Sunday, June 25, 2023

Coup de théâtre pendant la fête de l'indépendance

 


 Le 5 août 1923, la population de Soueida fête joyeusement l'anniversaire de l'indépendance de l'État Druze; des réceptions officielles sont organisées et le délégué du haut commissaire à Damas vient les présider. Des cheikhs, un grand nombre de chefs des villages, des masses de paysans, accourent vers la capitale, dont la population se trouve doublée ce jour-là. Les officiers français multiplient les amusements et les attractions pour que cette manifestation fasse époque au Jabal et montre au Druzes que la France est bien avec eux. La fête est très réussie et la satisfaction générale, lorsqu'au milieu des réceptions officielles, le délégué du haut commissaire, entouré des officiers français, voit s'avancer vers lui Sulṭān al-ʾAṭraš que l'on croyait en Transjordanie. Le personnage a pu arriver jusqu'à la capitale sans que notre service de renseignements en ait rien su - complicité tacite des populations contre laquelle nous resterons toujours désarmés. 

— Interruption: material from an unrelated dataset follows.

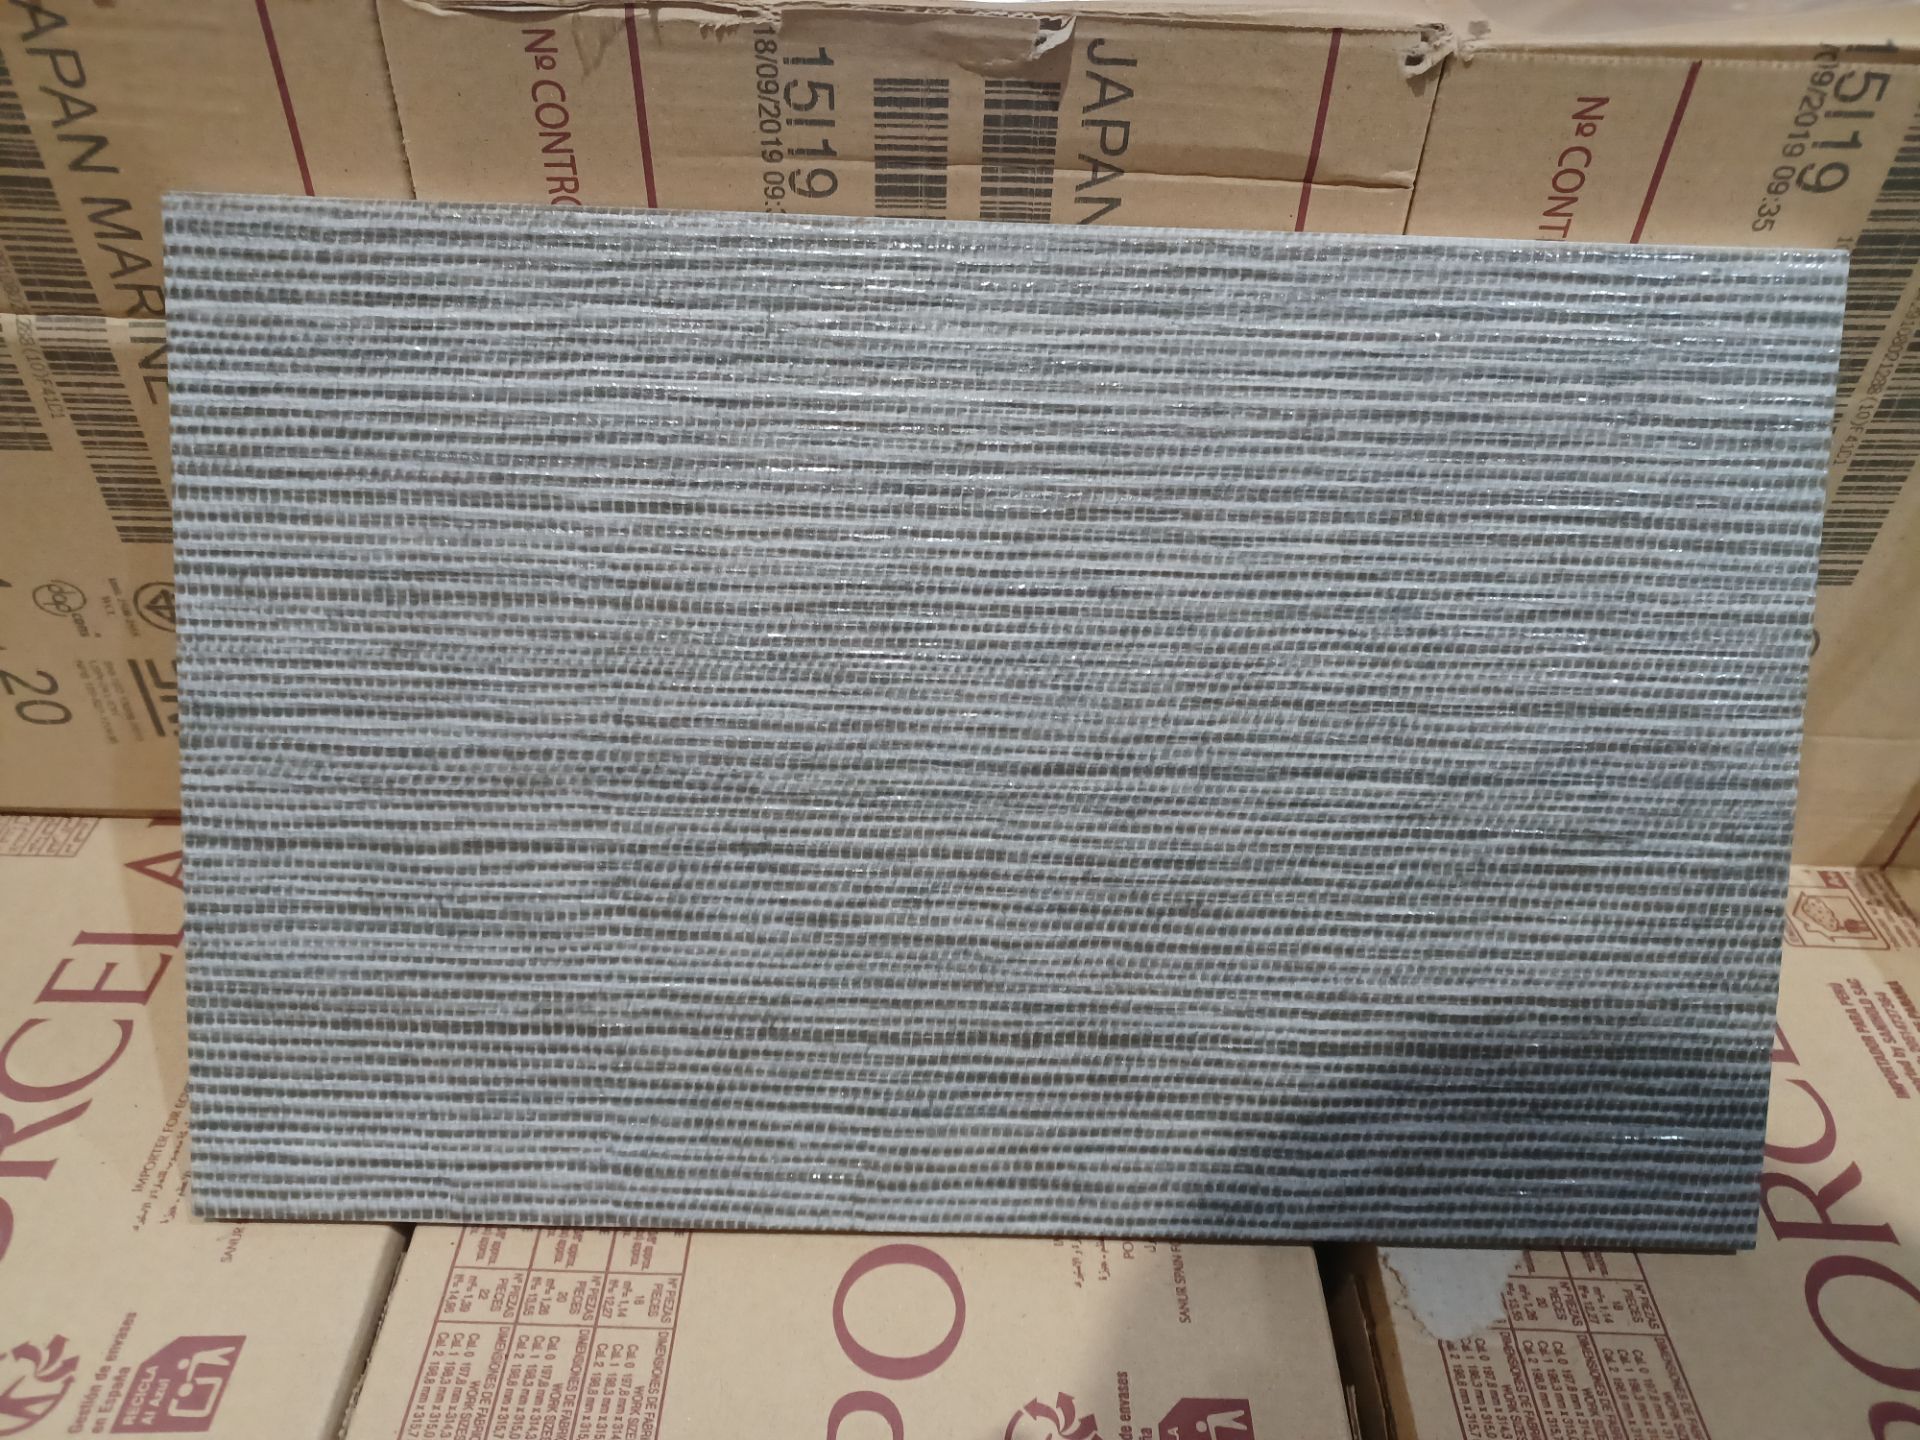 10 x PACKS OF PORCELANOSA JAPAN MARINE WALL TILES. SIZE: 200x316mm. Each box contains 1.28m2, giving

Sulṭān salue notre représentant et lui demande l'ʾamān (la sécurité de sa personne) pour l'affaire d'ʾAṣlaḥa الأصلحة qui a coûté la vie au lieutenant Bouxin. 

Le délégué français accorde le pardon sollicité; nous ne la blâmons pas; en politique coloniale, il faut parfois mettre une sourdine à l'amour-propre quand de plus hauts problèmes sont en jeu et, aujourd'hui, c'est précisément le cas pour le Jabal. Toutefois, dans l'esprit de beaucoup, cette mesure de clémence ne servira de rien; elle va, au contraire, augmenter le prestige de Sulṭān et permettre à ce féodal criminel, vendu aux étrangers, de donner libre cours à sa propagande anti-française au milieux des Druzes.










Édouard Andréa. La Révolte druze et l'insurrection de Damas, 1925-1926. Payot, Paris 106 Boulevard St. Germain, 1937.